How to Embrace, and Love, Your Faults

How to Embrace, and Love, Your Faults

How to Embrace, and Love, Your Faults 2560 1440 The Conscious Professional

“It is in our faults and failings, not in our virtues, that we touch one another and find sympathy. We differ widely enough in our nobler qualities. It is in our follies that we are at one.” – Jerome K. Jerome

Nobody is perfect. Indeed, what does it mean to be perfect? What is for sure is that the criteria for perfection will be different from person to person. This being the case, your faults may or may not have credence, depending on who you are!

Your faults may be genuine defects, or they may only exist in your mind. Your faults might be physical, social, emotional, attitude based or in your outlook. What is vital to your resilience is that you both acknowledge these faults, whether real or not, embrace them and treat them with love.

1. Face Your Perceived Faults

Often we ignore what we believe to be our faults. We try to avoid thinking about them, or even daring to connect with ourselves and name what they are (or what we think they are). Have you ever thought to yourself, ‘I’m in such a bad place, and I can’t work out why.’ In these moments, can you honestly say that you have sat down and dedicated your thoughts to pinpointing what that reason is?

Perhaps you perceive yourself to be physically imperfect. You might be feeling anxious about how you have behaved in some way, or about the way you continue to tackle certain situations. Perhaps you react emotionally to some things in a way that is detrimental to your wellbeing. First of all you must diagnose the core your worry; what do you, personally, think your faults are? Whether these faults are actually faults or not is less the focus at this stage, just locating the source is a big step in learning to love yourself.

2. What Do You Love About Yourself?

It is all very well to beat ourselves up about our faults, but how often do you celebrate your virtues? I have heard it said many times that if a hundred things happen, we, as humans, will often dwell on the one thing that wasn’t great, rather than the ninety-nine things that were. If you are going to pinpoint your faults, you should spend equal time reminding yourself of what is fantastic about you as well. It’s only fair!

3. Comparison is the Enemy of Self-Love

Imagined faults are often created because we think others have it better. That person is fitter than I am. That person is more attractive than me. If only I was as clever/as kind/as successful as that person. This is no way to love yourself. We are all different. Take me for example, I have a judgemental relationship with my body. I am getting older, so it is harder to keep fit, and I don’t like that I am heavier than I used to be, or that I now have back fat, or that I have a bit of a belly. I said this to a young, slim friend of mine. He told me that it was nonsense, that I was perfect as I was, and that he wished he had my arms. We all compare ourselves, and the likelihood is that you have something somebody else wishes they had. This would be less of an issue if we just focused making sure we were happy with ourselves, regardless of other people.

4. Is There Anything You Can Do?

Your faults then. Is there anything you can do to change them? If you don’t like your body, is there something you can do to change that? Would the change be worth the price?

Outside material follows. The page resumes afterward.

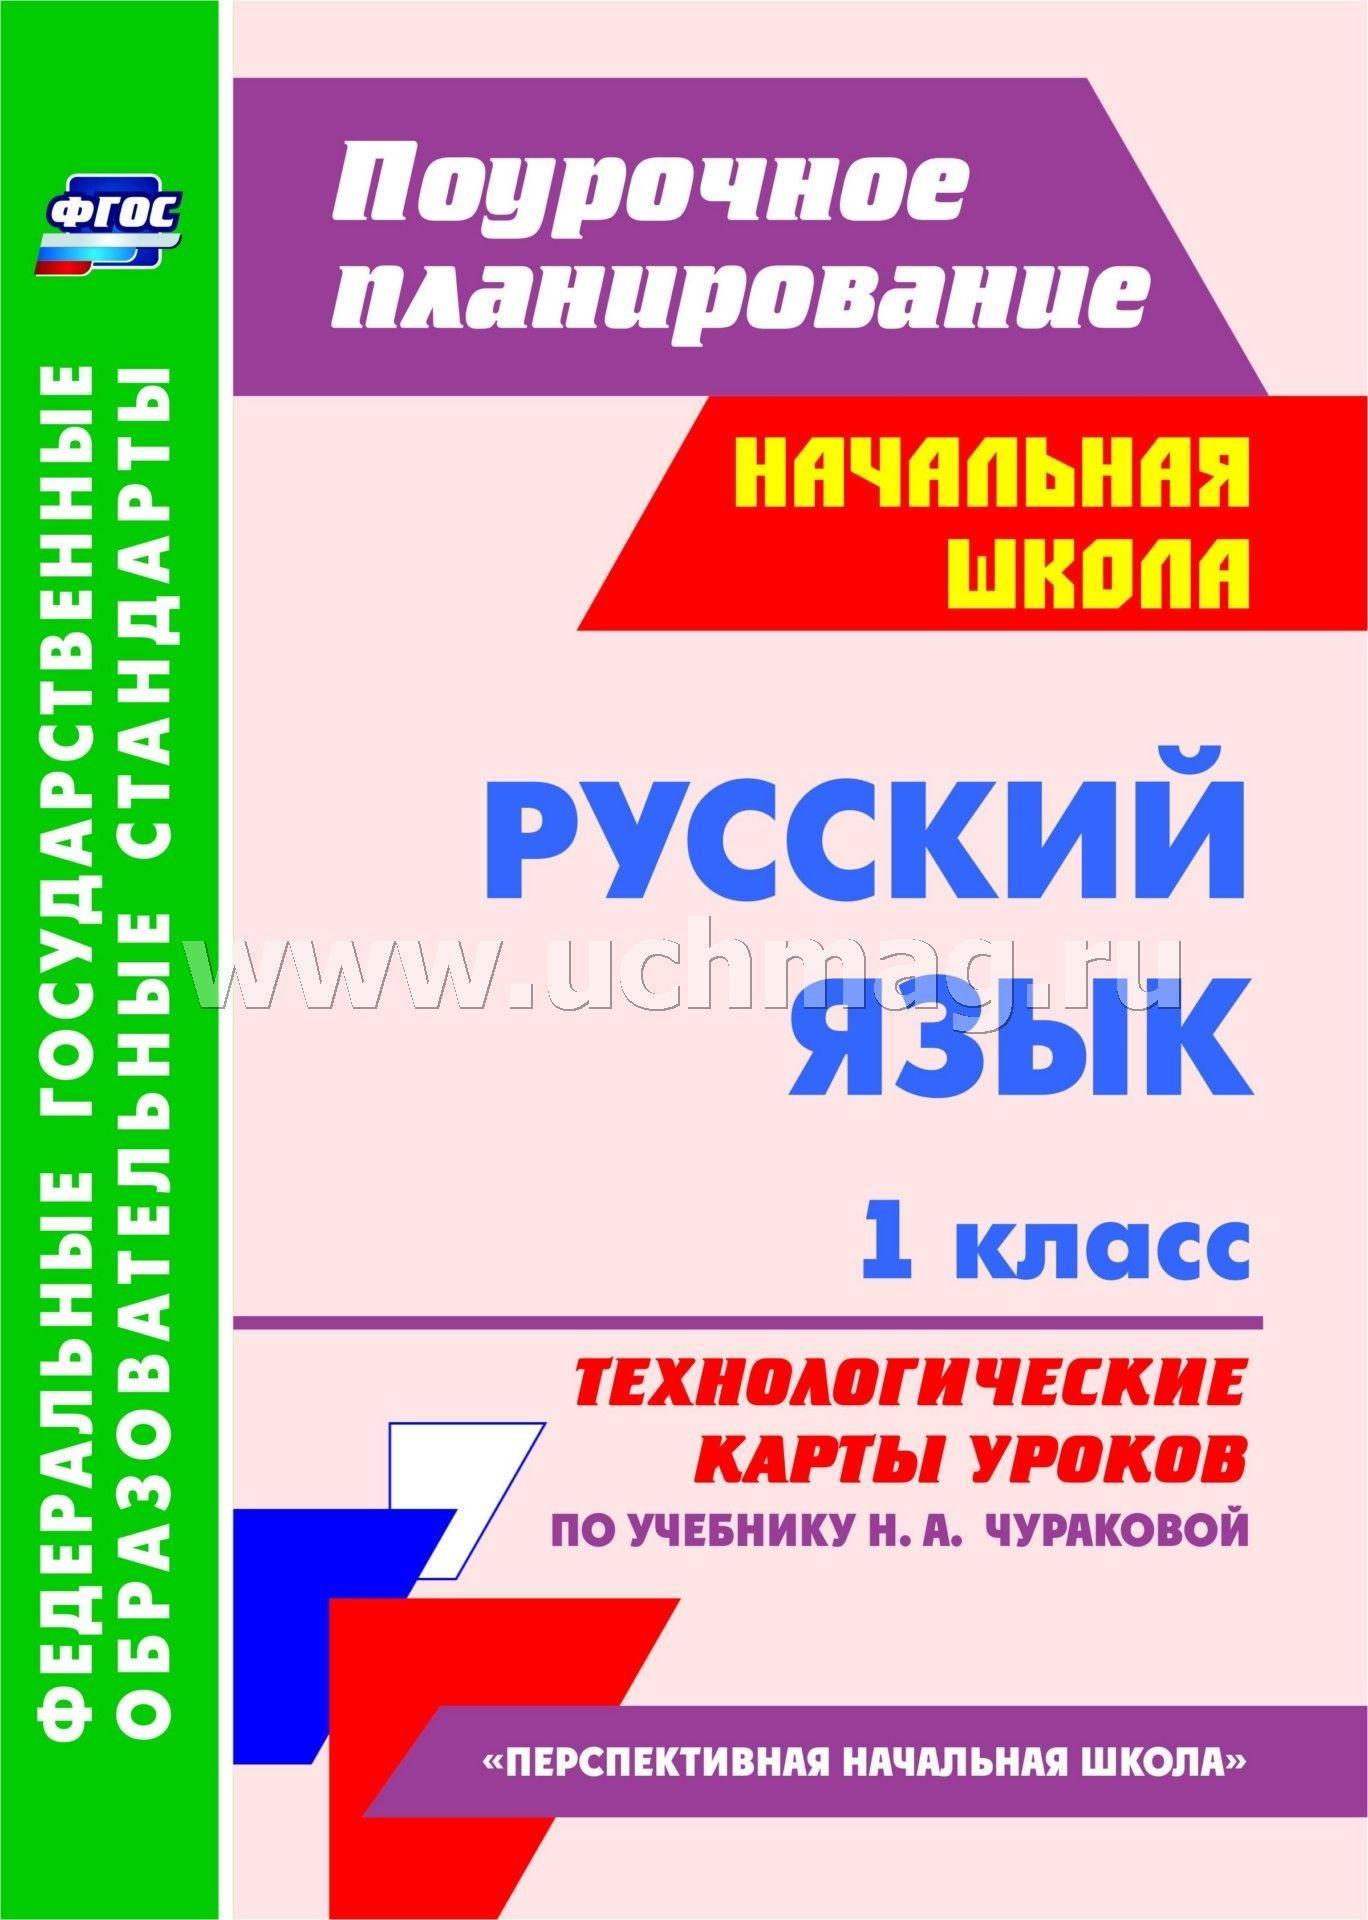 Русский язык 7 класс львов львова гдз скачать через торрент

If you aren’t sure that you are emotionally fit, or that you are behaving as you would like, is there somebody you can talk to? Is there somebody you can see? Are your faults unchangeable, and therefore not worth beating yourself up about?

5. Be OK With Yourself

Accepting your faults is paramount. Talking about them openly, accepting them as part of your personality and learning to love them is essential to ensuring that you are the best version of yourself. Wellbeing and resilience depend on self-love and confidence, this relates to everything that is good about you, and all the things that are not so good. Be yourself and work on being OK with it.